Collected material:

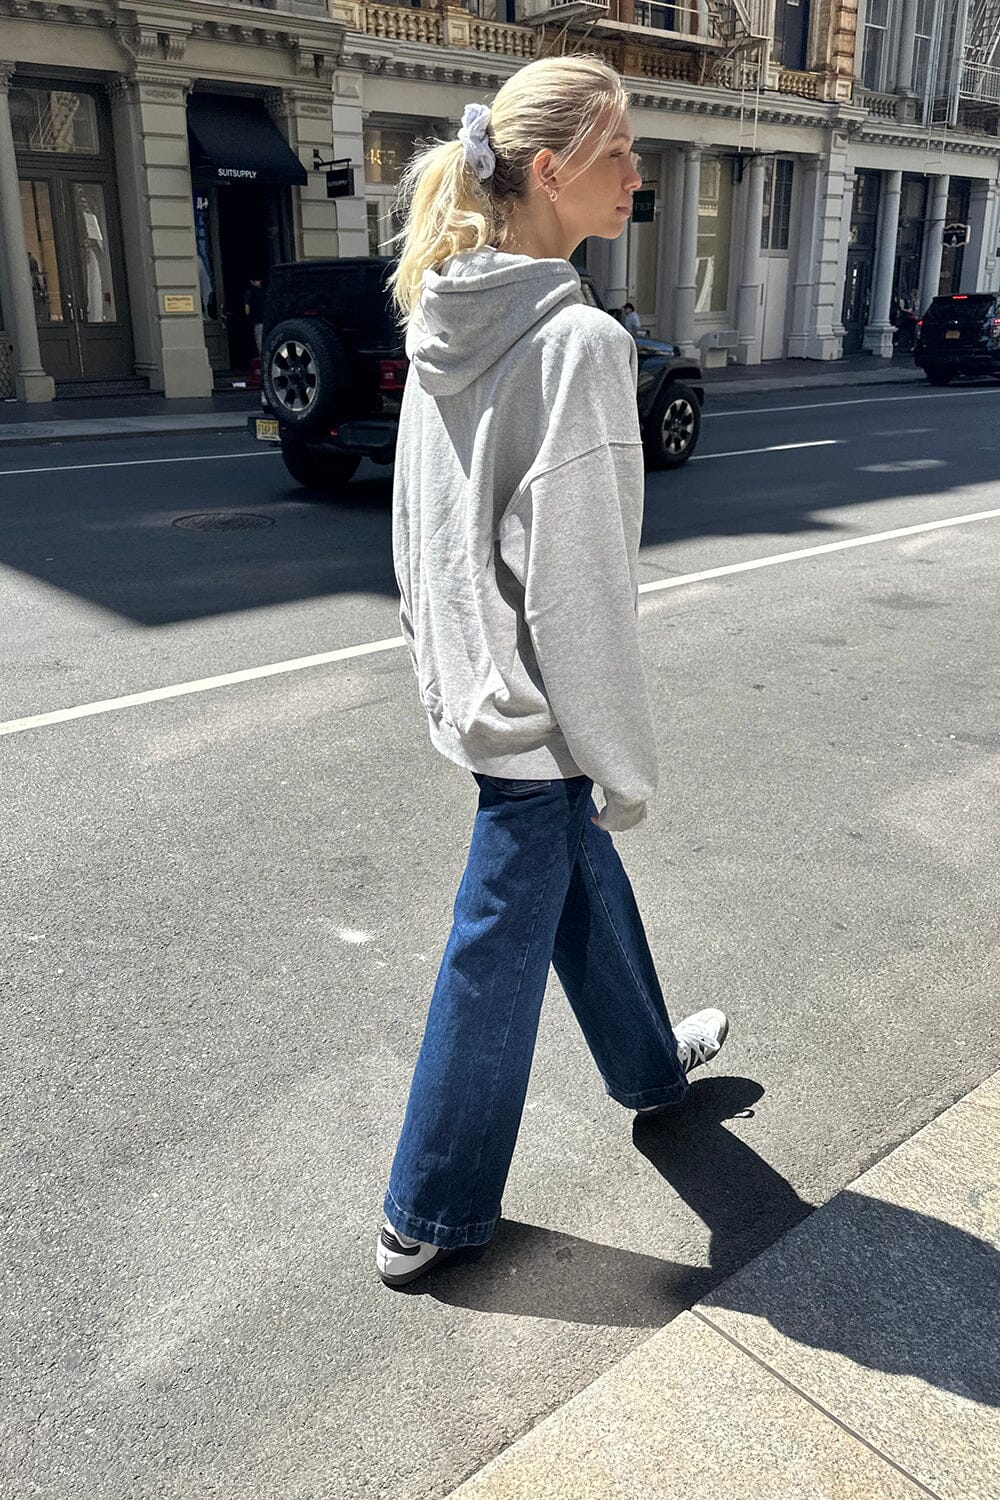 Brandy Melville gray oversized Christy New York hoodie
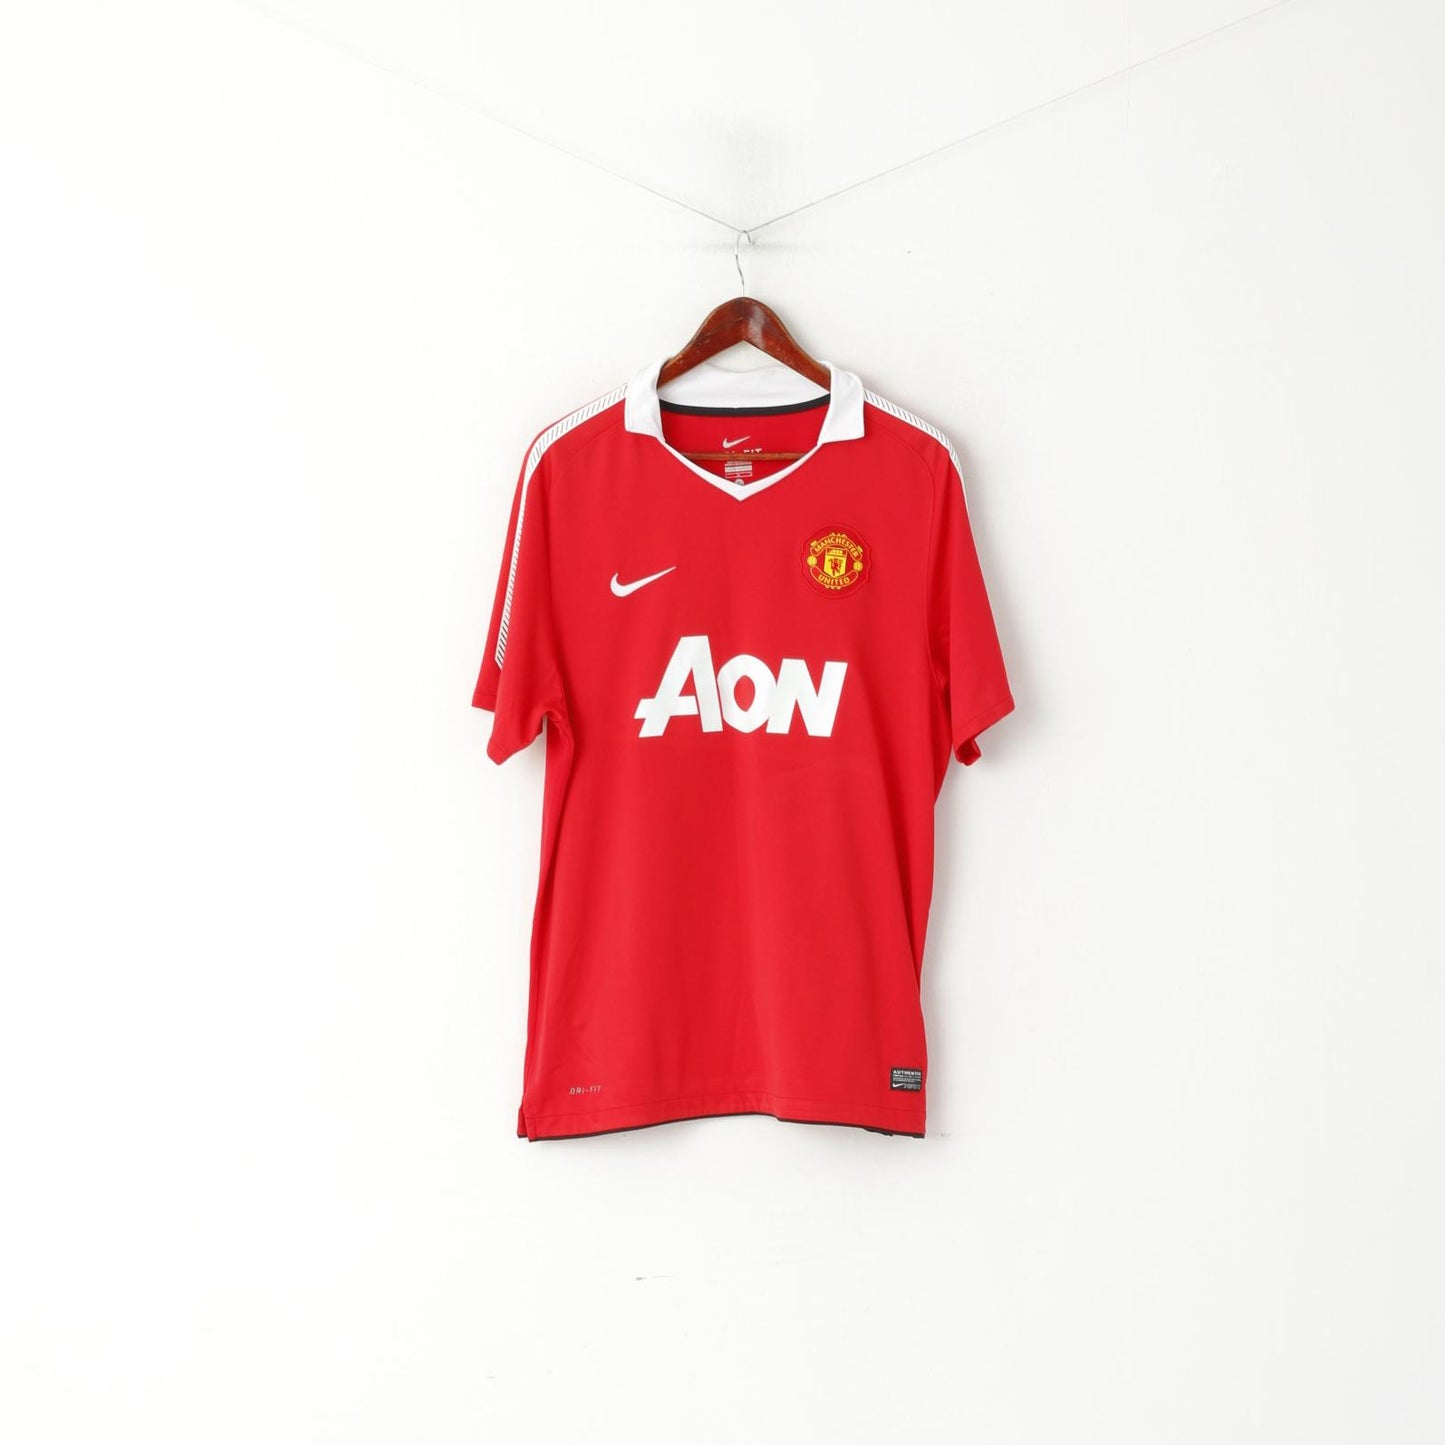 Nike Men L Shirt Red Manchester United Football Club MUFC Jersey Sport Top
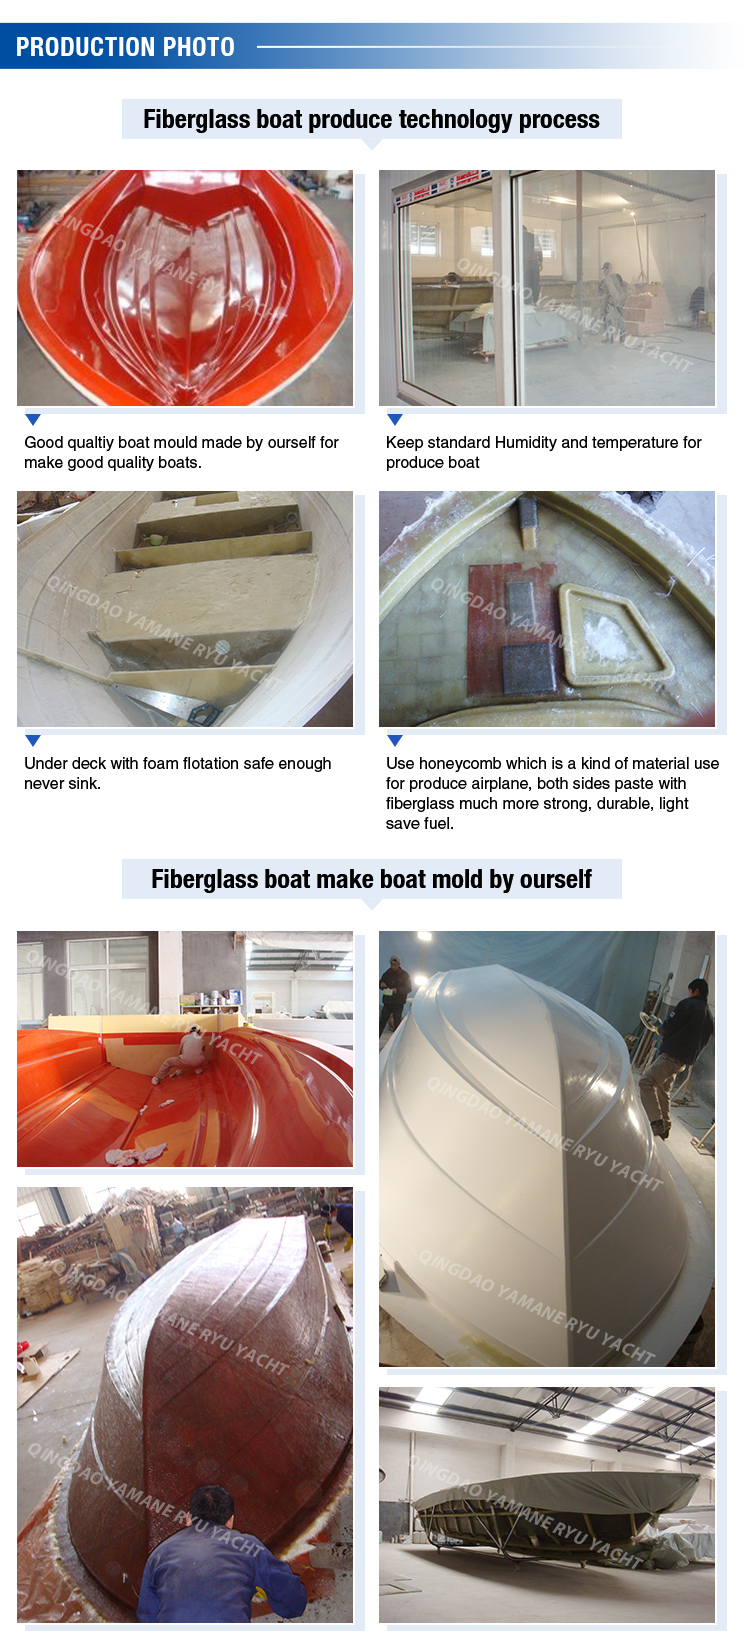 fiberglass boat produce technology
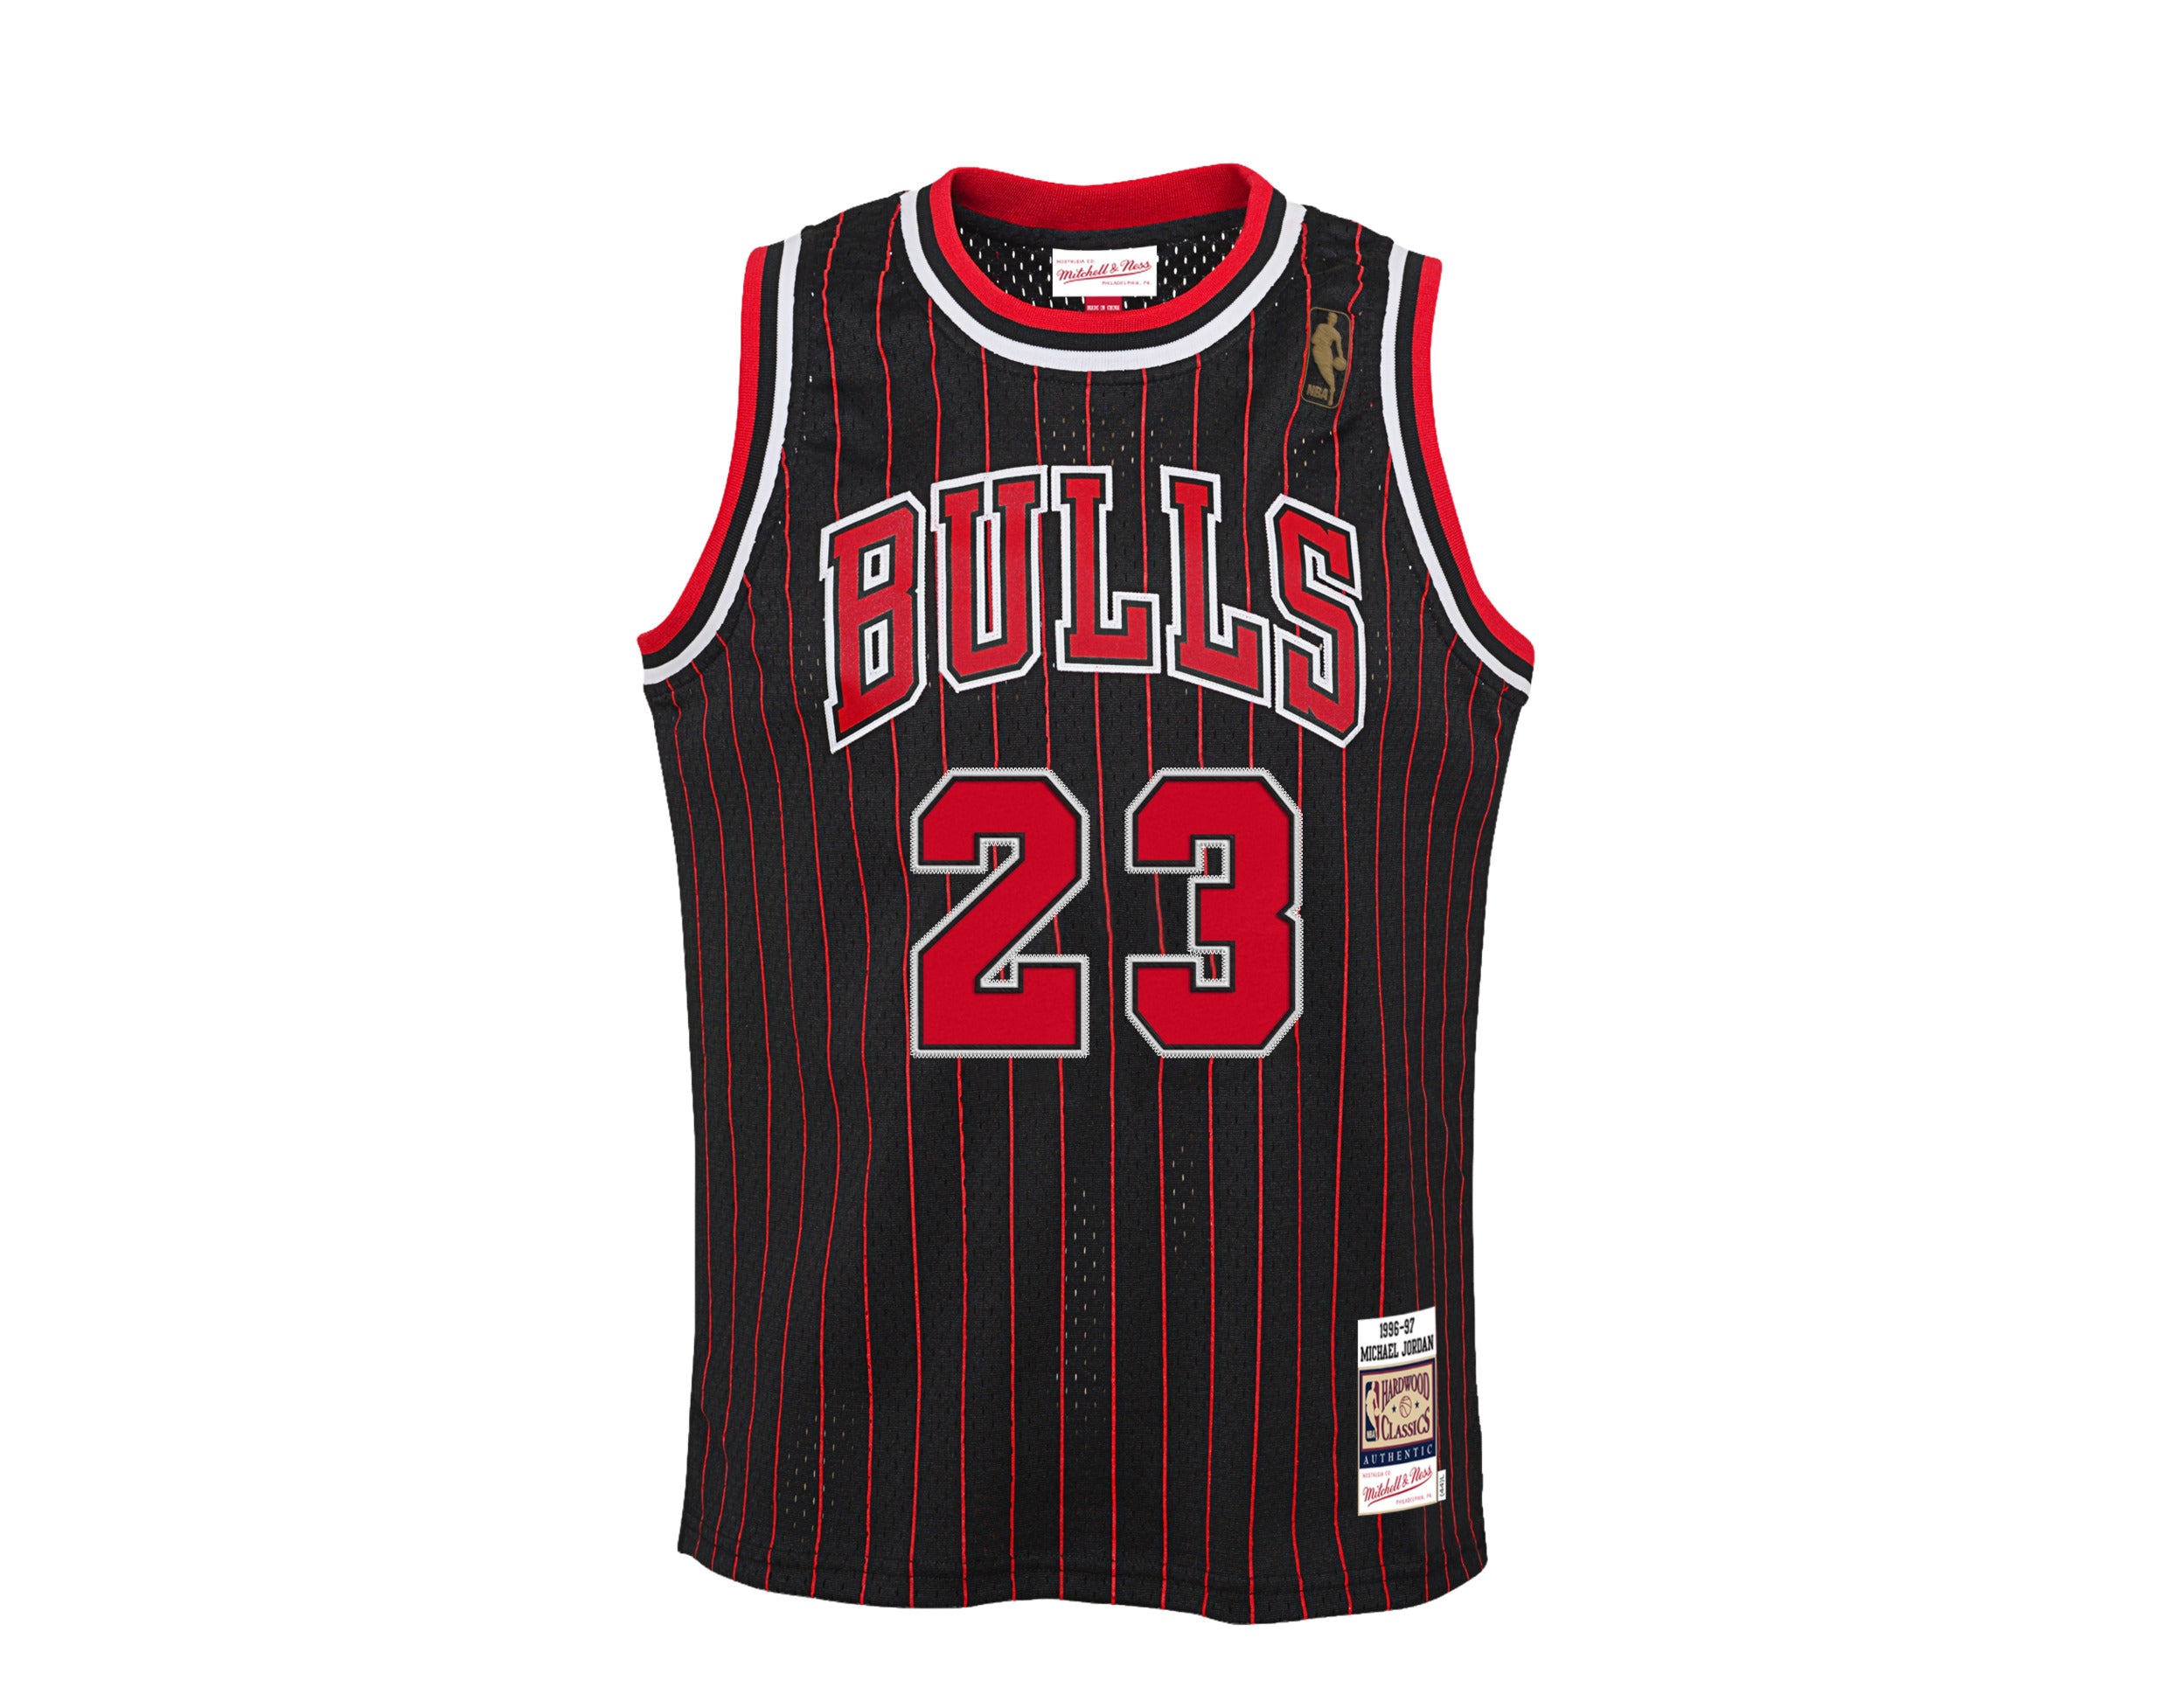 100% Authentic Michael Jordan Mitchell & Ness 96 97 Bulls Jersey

What you have to do: Write out the data in full and exactly as given, though without the images.

Reply:
 Brandy Melville gray oversized Christy New York hoodie
 Nike Men L Shirt Red Manchester United Football Club MUFC Jersey Sport Top
 fiberglass boat produce technology
 100% Authentic Michael Jordan Mitchell & Ness 96 97 Bulls Jersey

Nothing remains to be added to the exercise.